▶ **Work task**
Word for word, repeat the data that follows. Do not include the pictures.

▶ **Collected material**

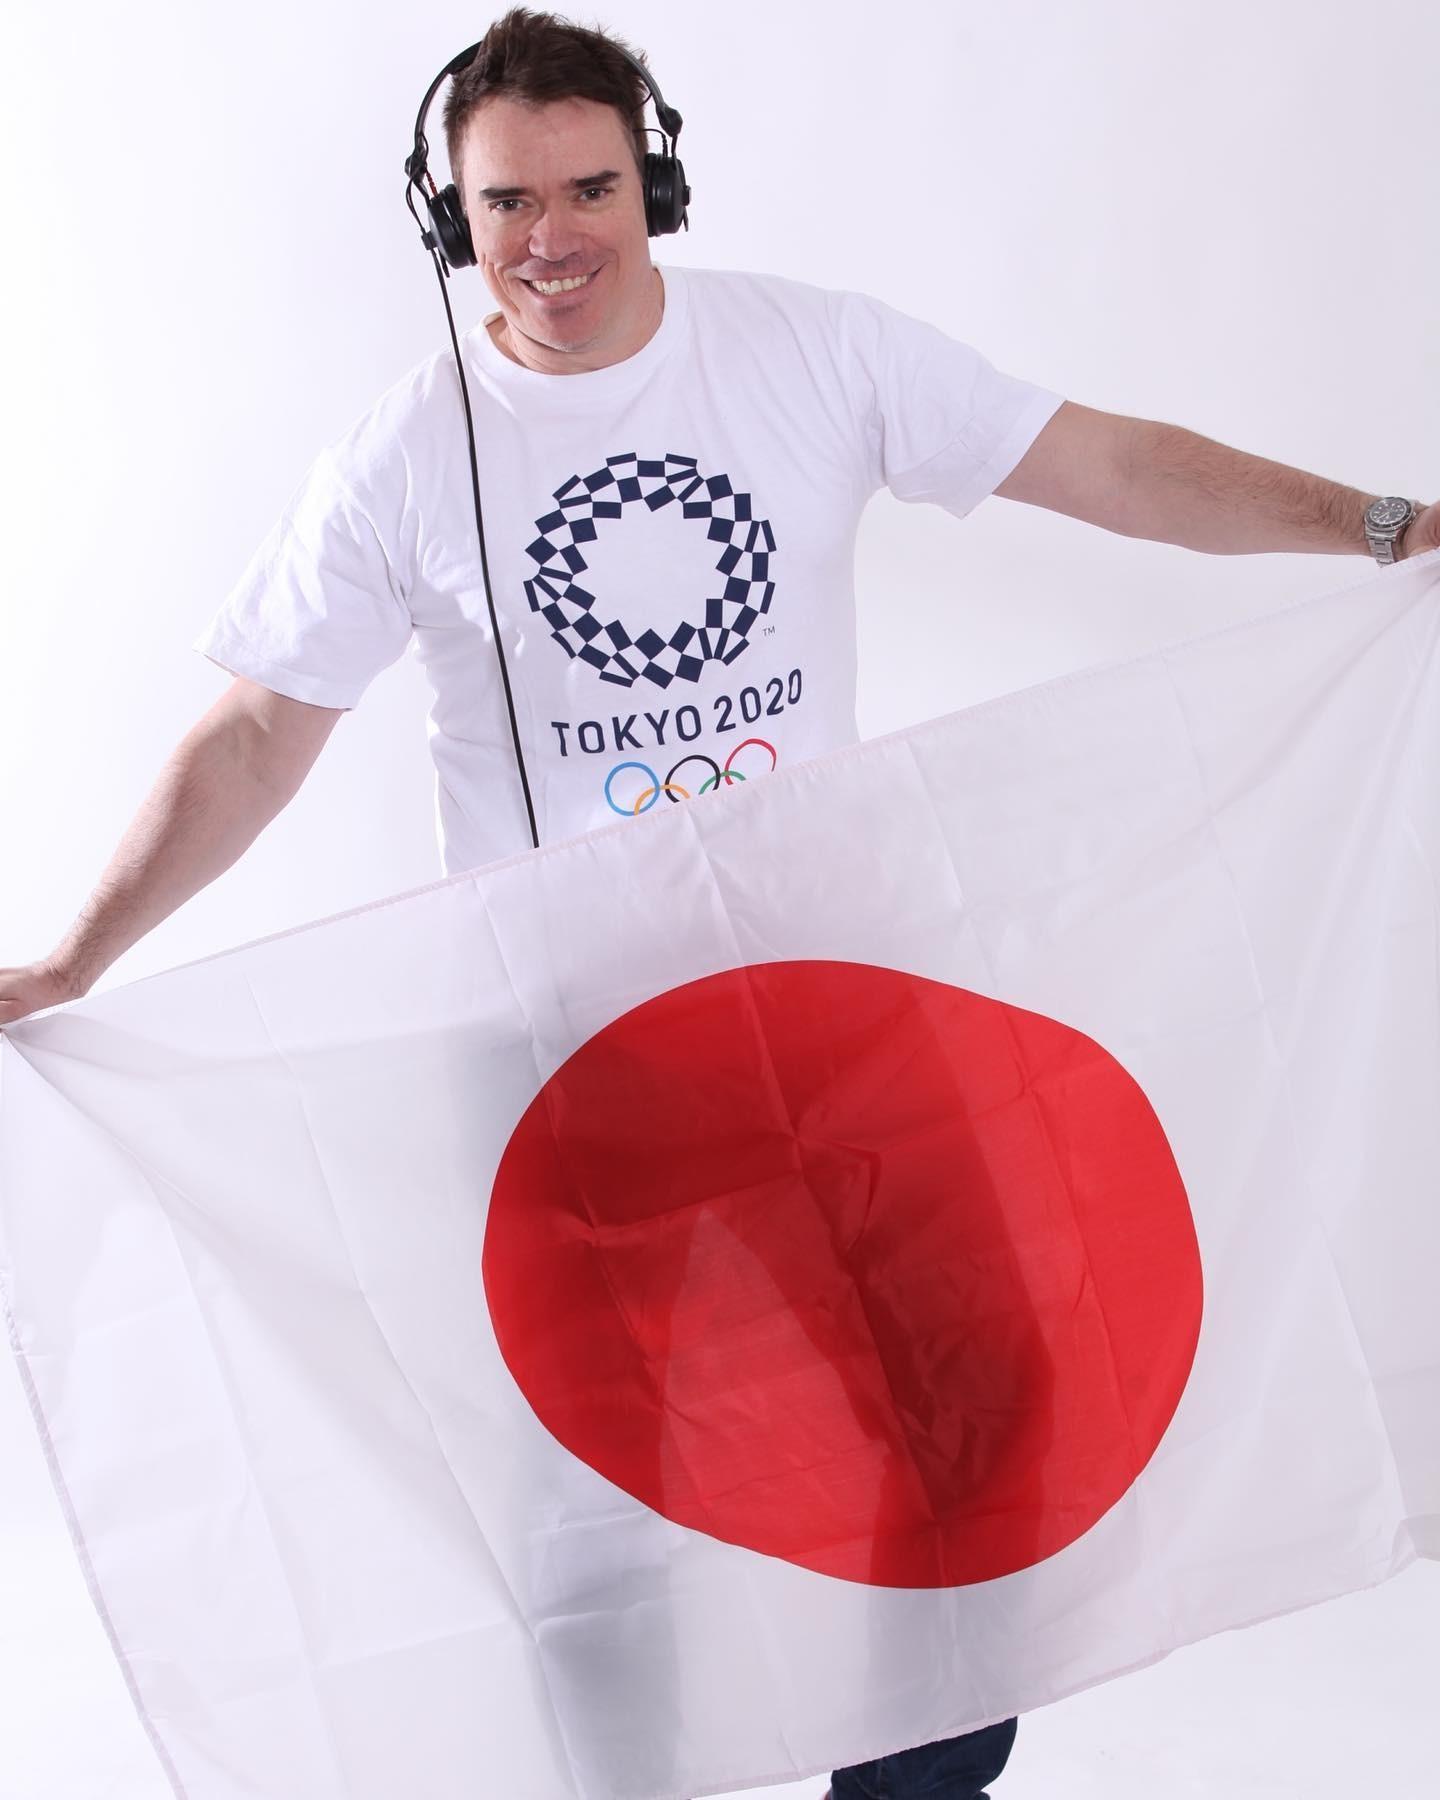 'Batom de cereja' em Tóquio: conheça o DJ que toca hits brasileiros em jogos de vôlei nas Olimpíadas
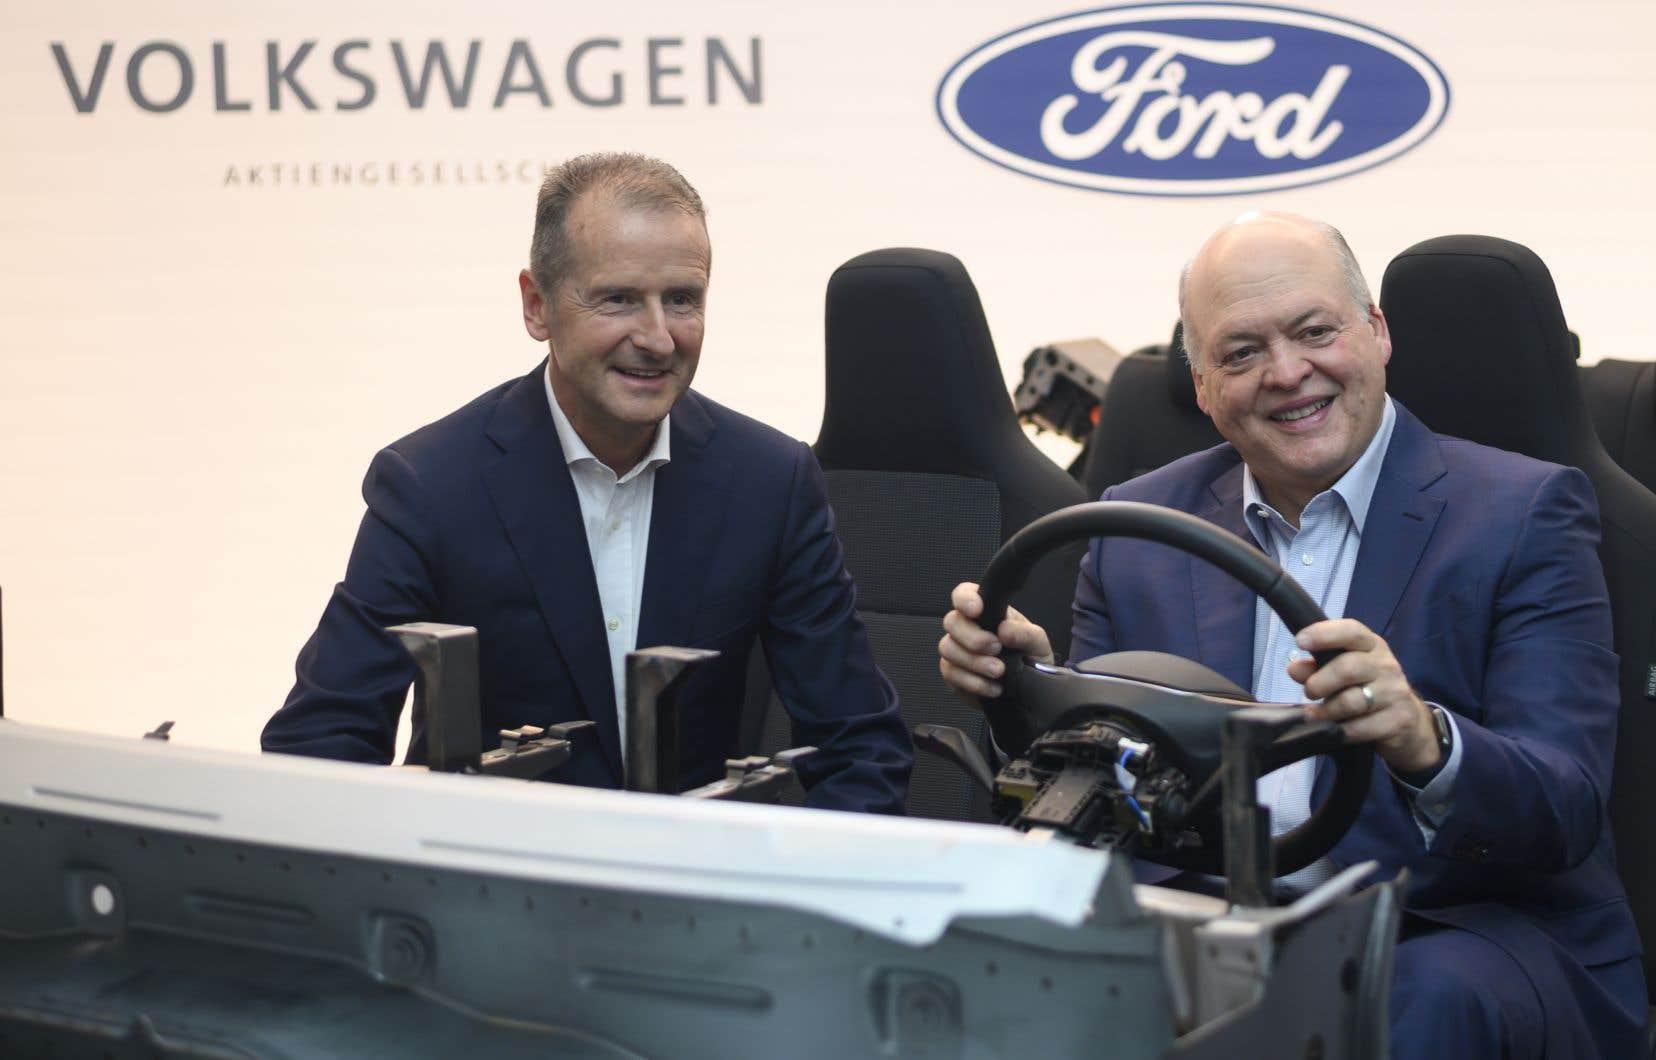 De gauche à droite: Herbert Diess, président-directeur général du Groupe Volkswagen, et Jim Hackett, président et chef de la direction de Ford Motor Company,à l'occasion de la conférence de presse.
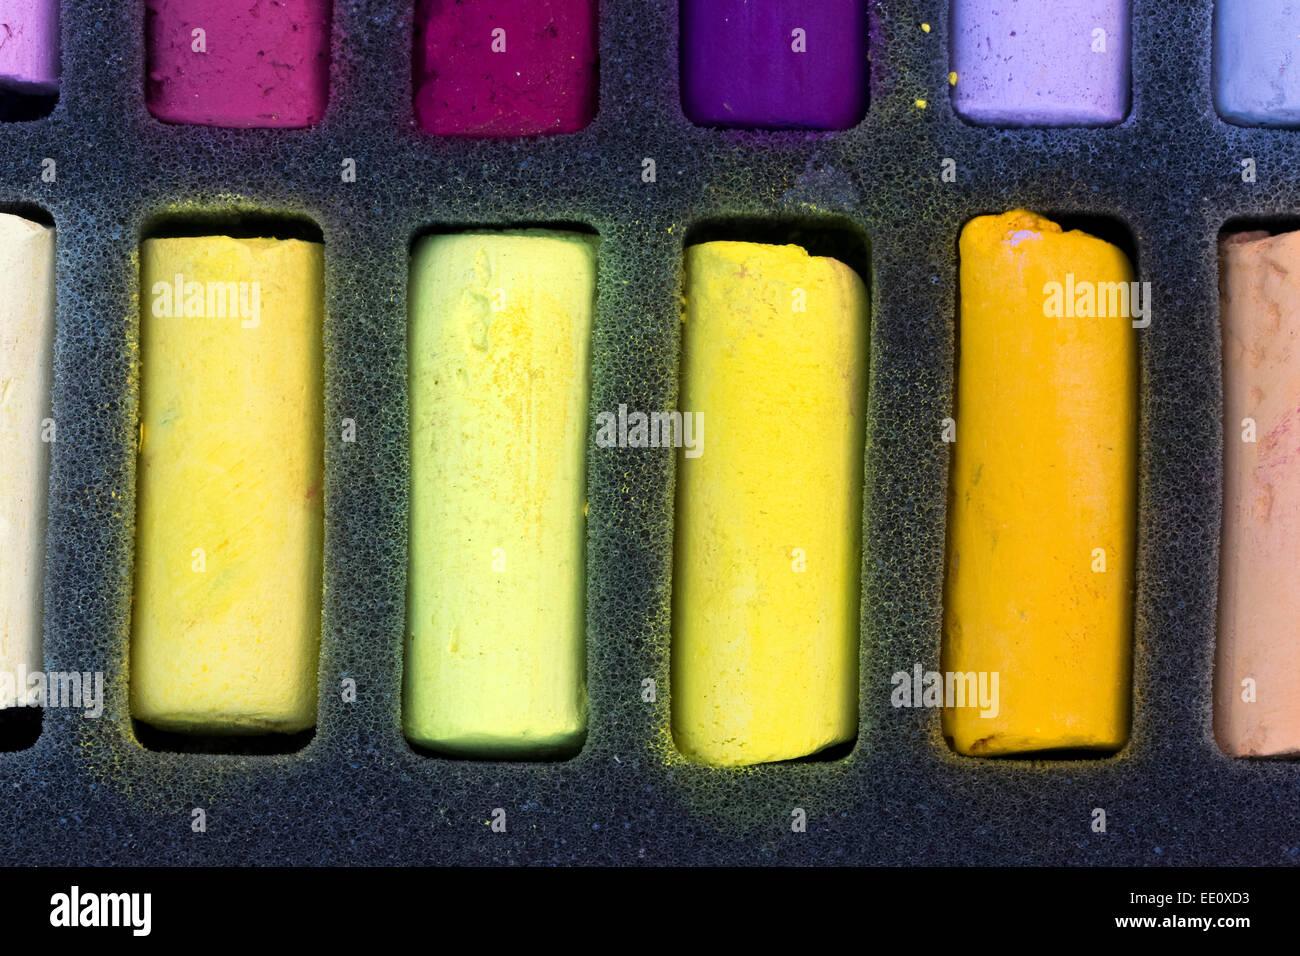 Jeu de Pastel craie, jaune pastel pigmenté Banque D'Images

▶ **Solution to the problem**
 'Batom de cereja' em Tóquio: conheça o DJ que toca hits brasileiros em jogos de vôlei nas Olimpíadas
 De gauche à droite: Herbert Diess, président-directeur général du Groupe Volkswagen, et Jim Hackett, président et chef de la direction de Ford Motor Company,à l'occasion de la conférence de presse.
 Jeu de Pastel craie, jaune pastel pigmenté Banque D'Images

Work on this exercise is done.